[[ Information given, beginning ]]

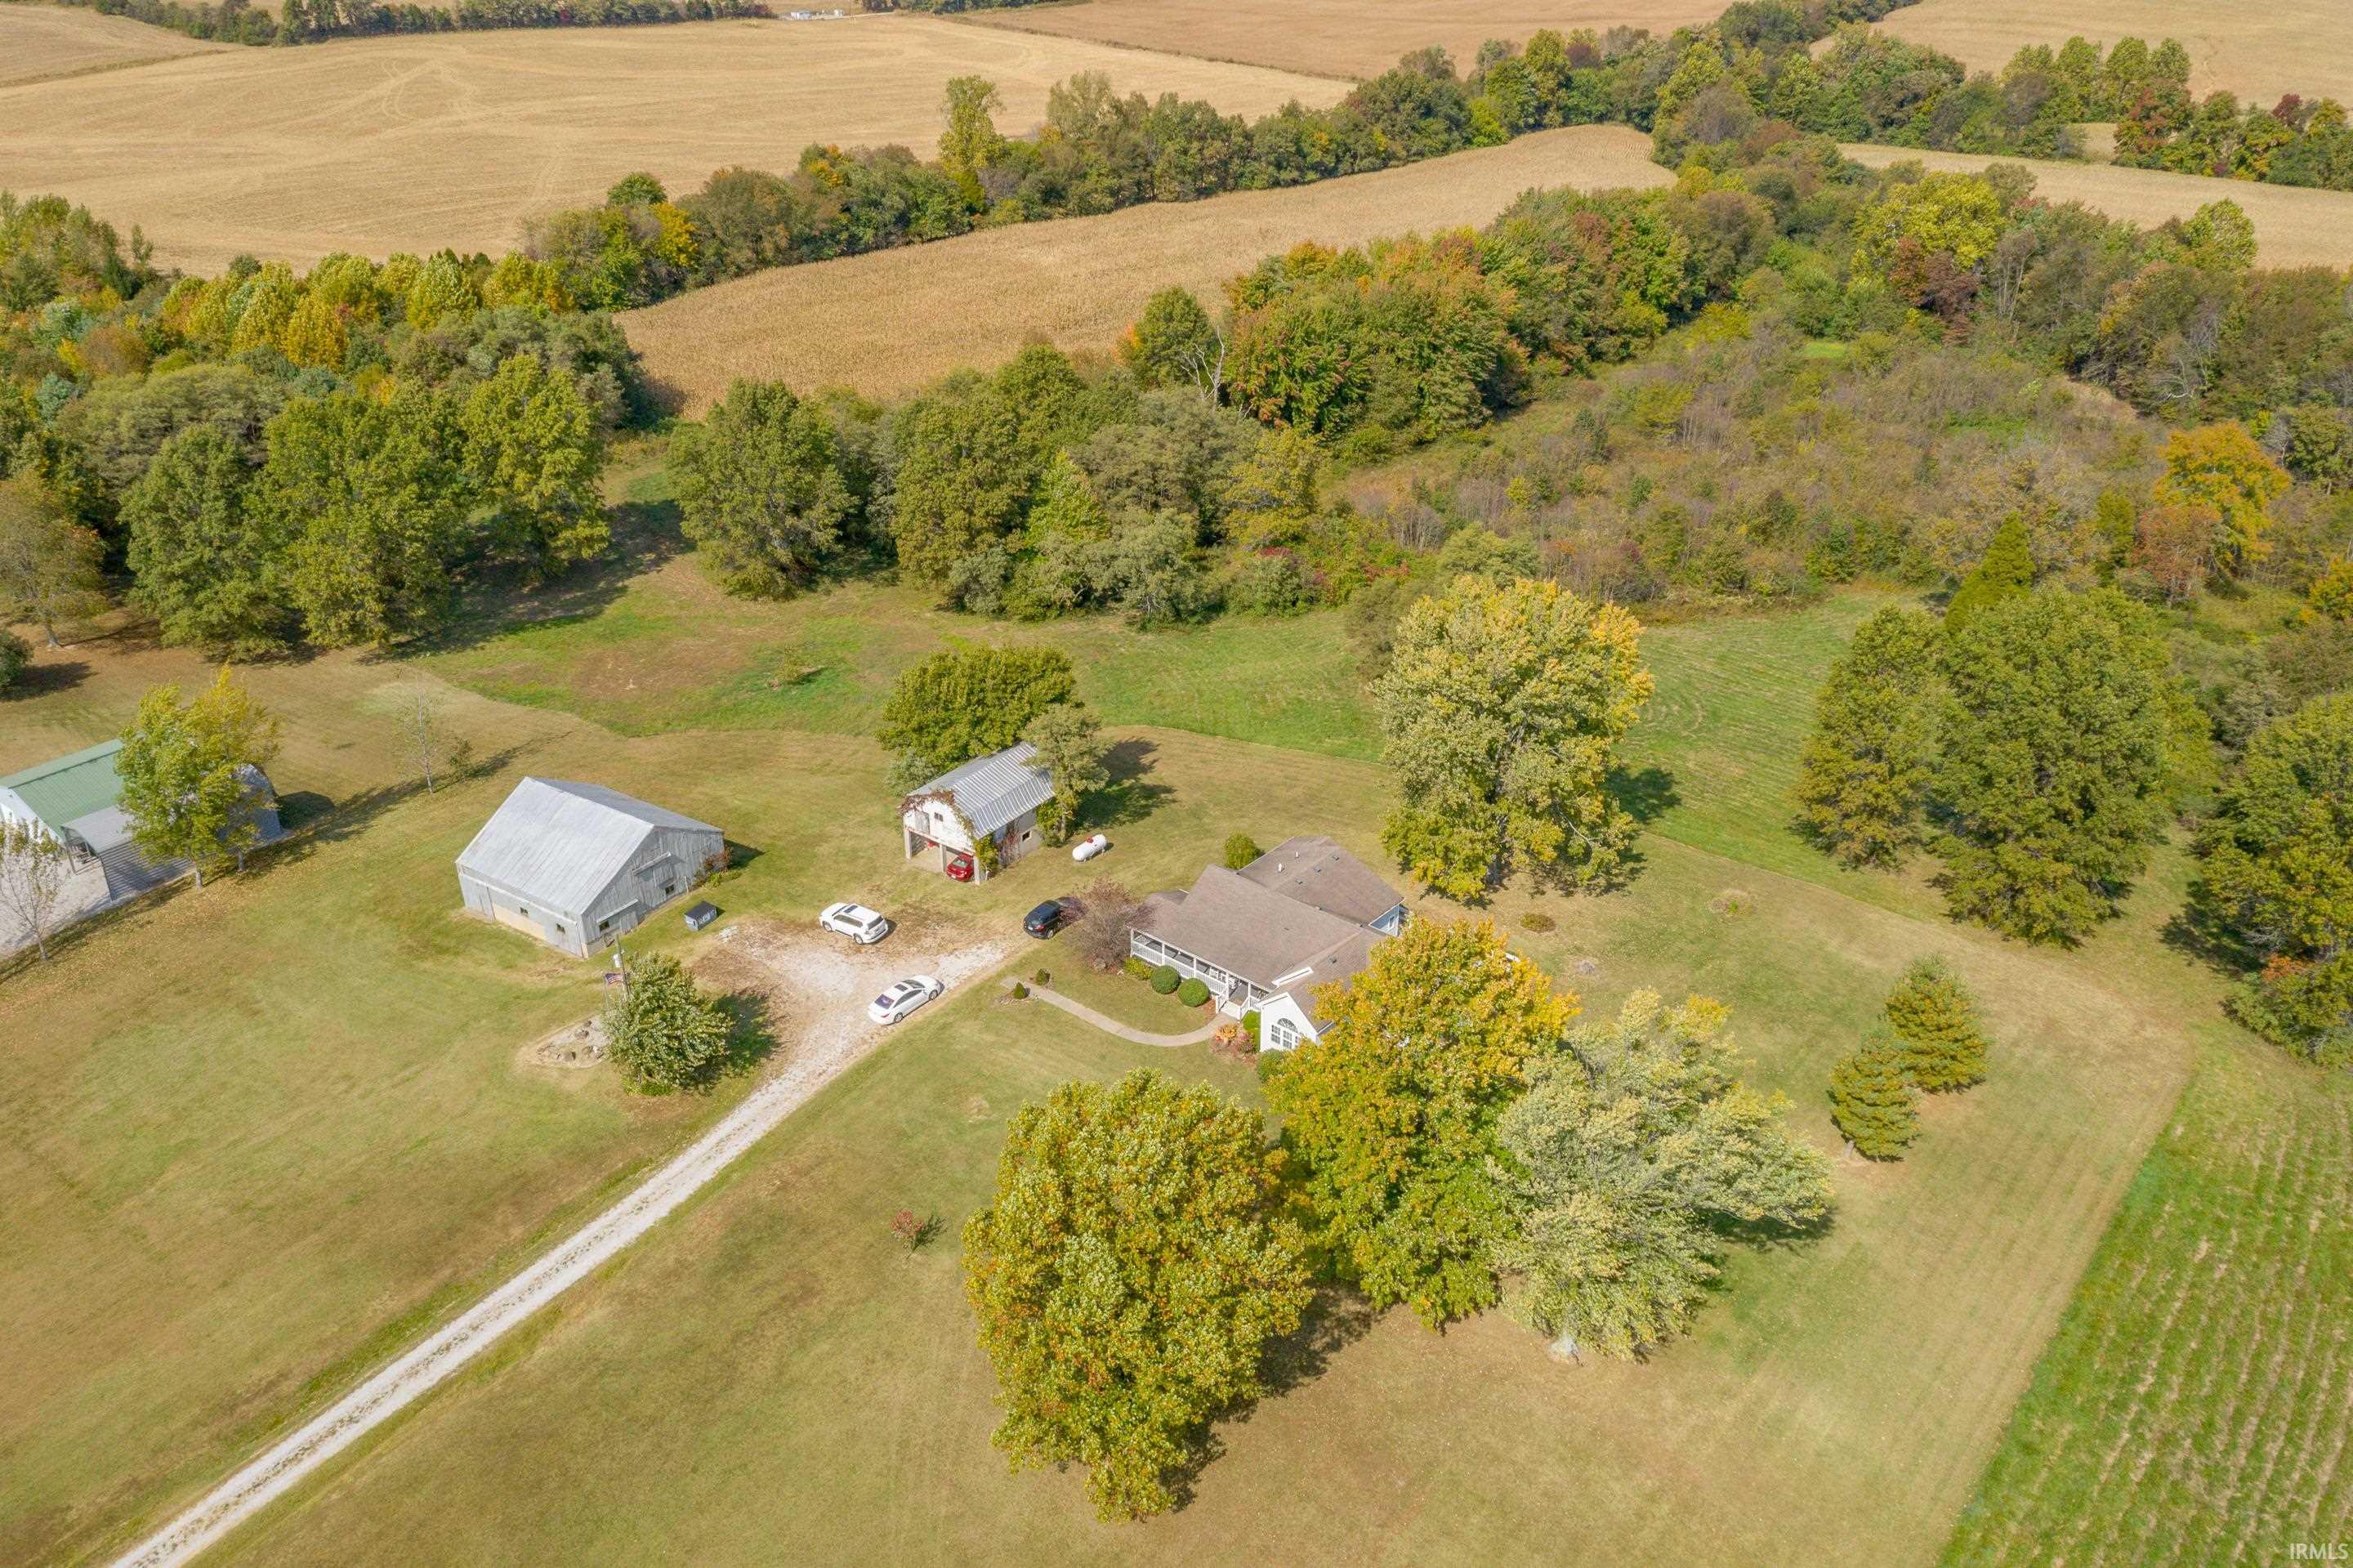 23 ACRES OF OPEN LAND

[[ Information given, end ]]
[[ Information given, beginning ]]

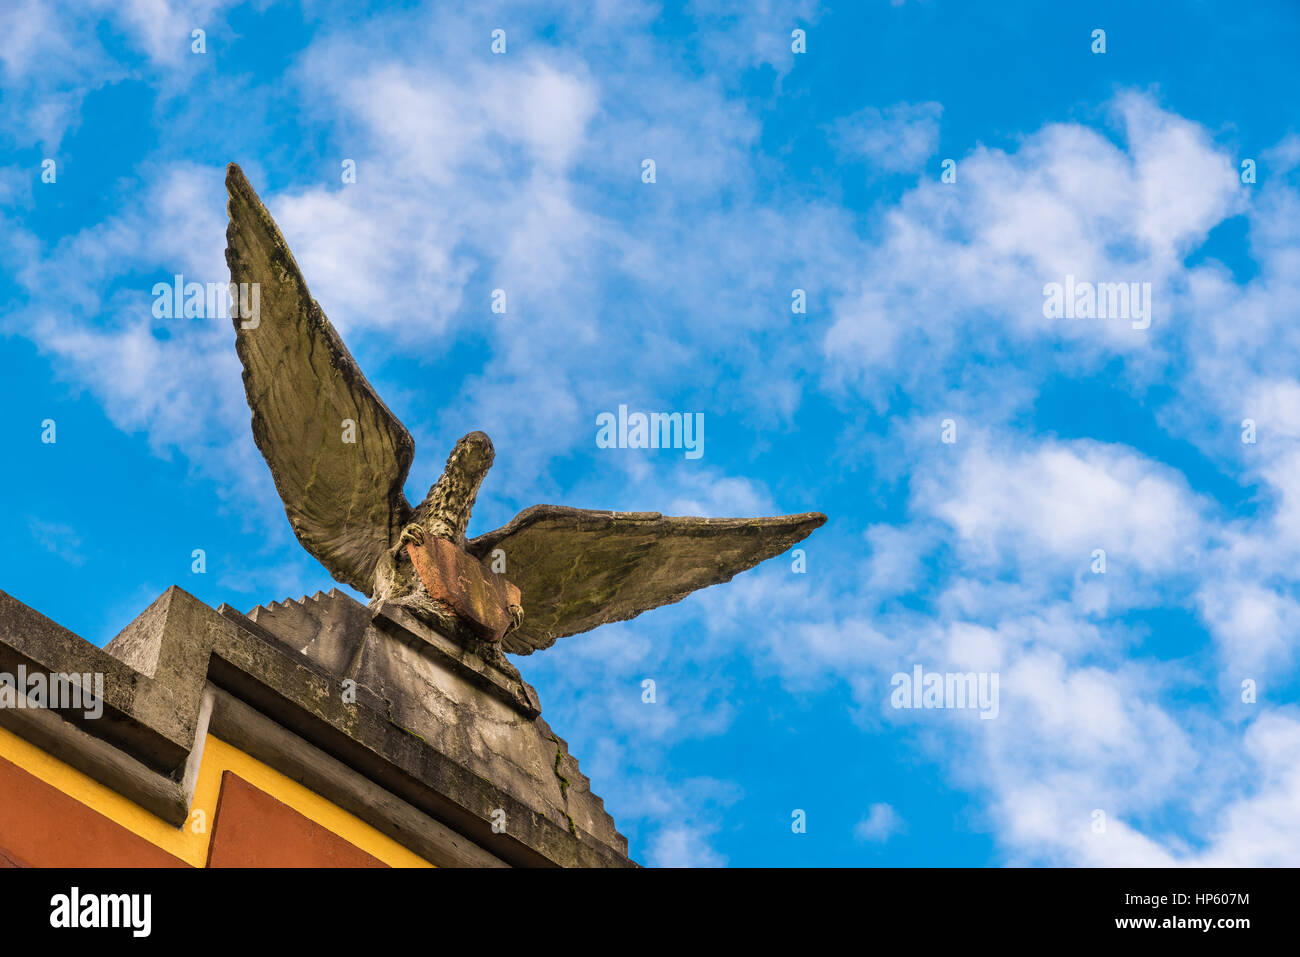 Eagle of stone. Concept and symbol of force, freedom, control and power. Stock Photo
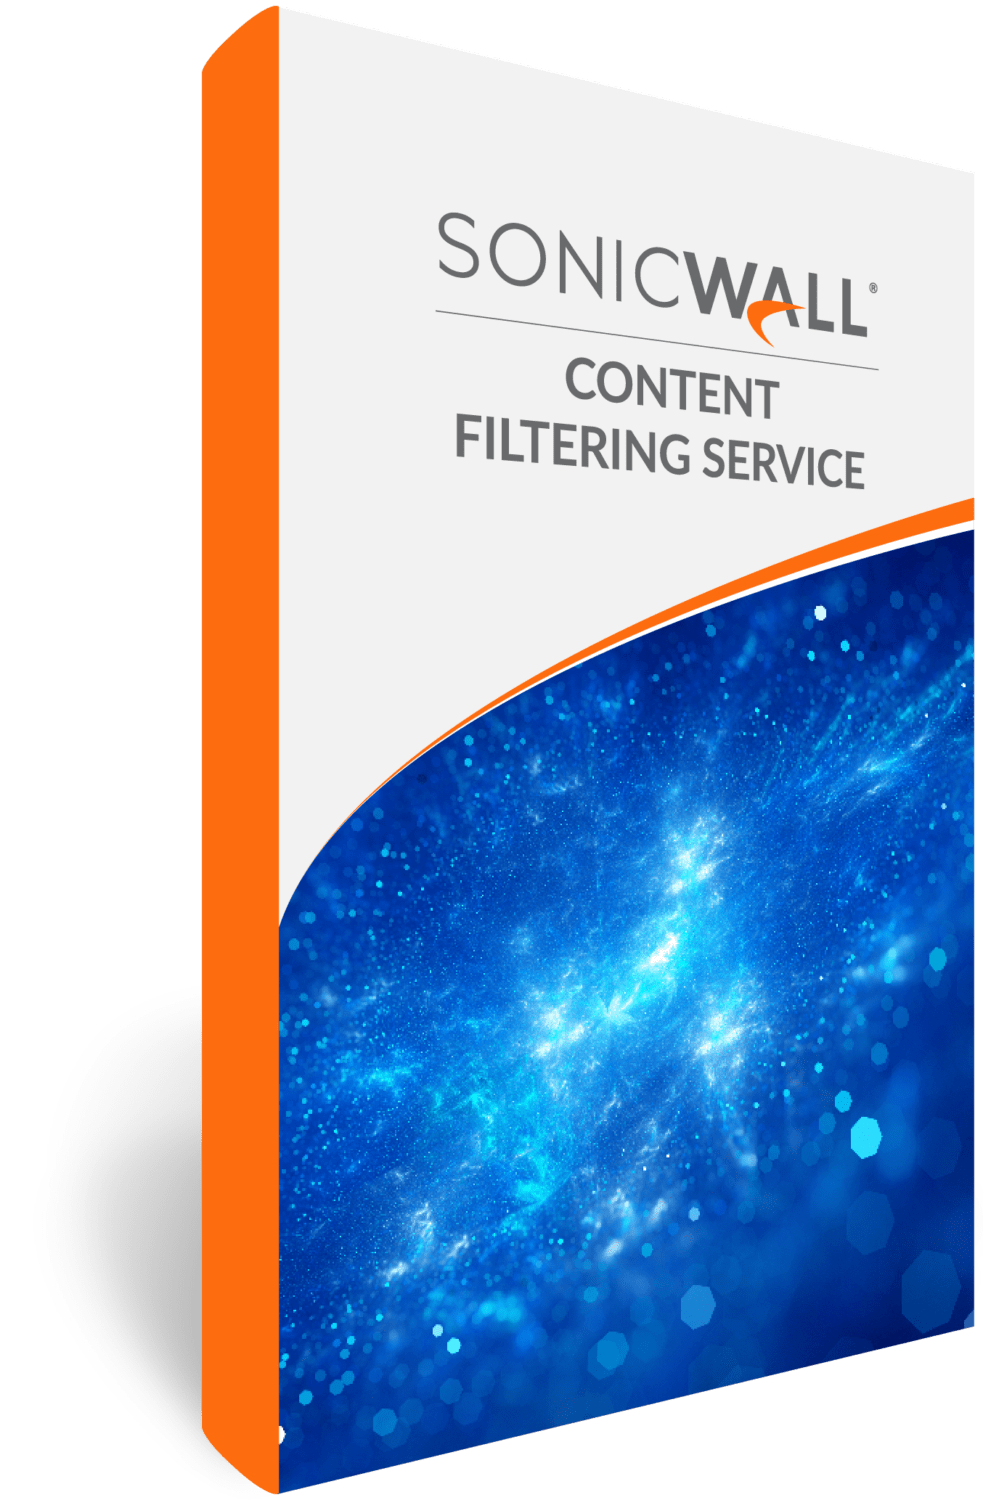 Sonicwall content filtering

[[ Information given, end ]]

For this exercise, return exactly the lines above from the line with "Eagle of stone." through the line with "Sonicwall content filtering", both included. Do not copy the pictures.

= Exercise solution =
 Eagle of stone. Concept and symbol of force, freedom, control and power. Stock Photo
 Sonicwall content filtering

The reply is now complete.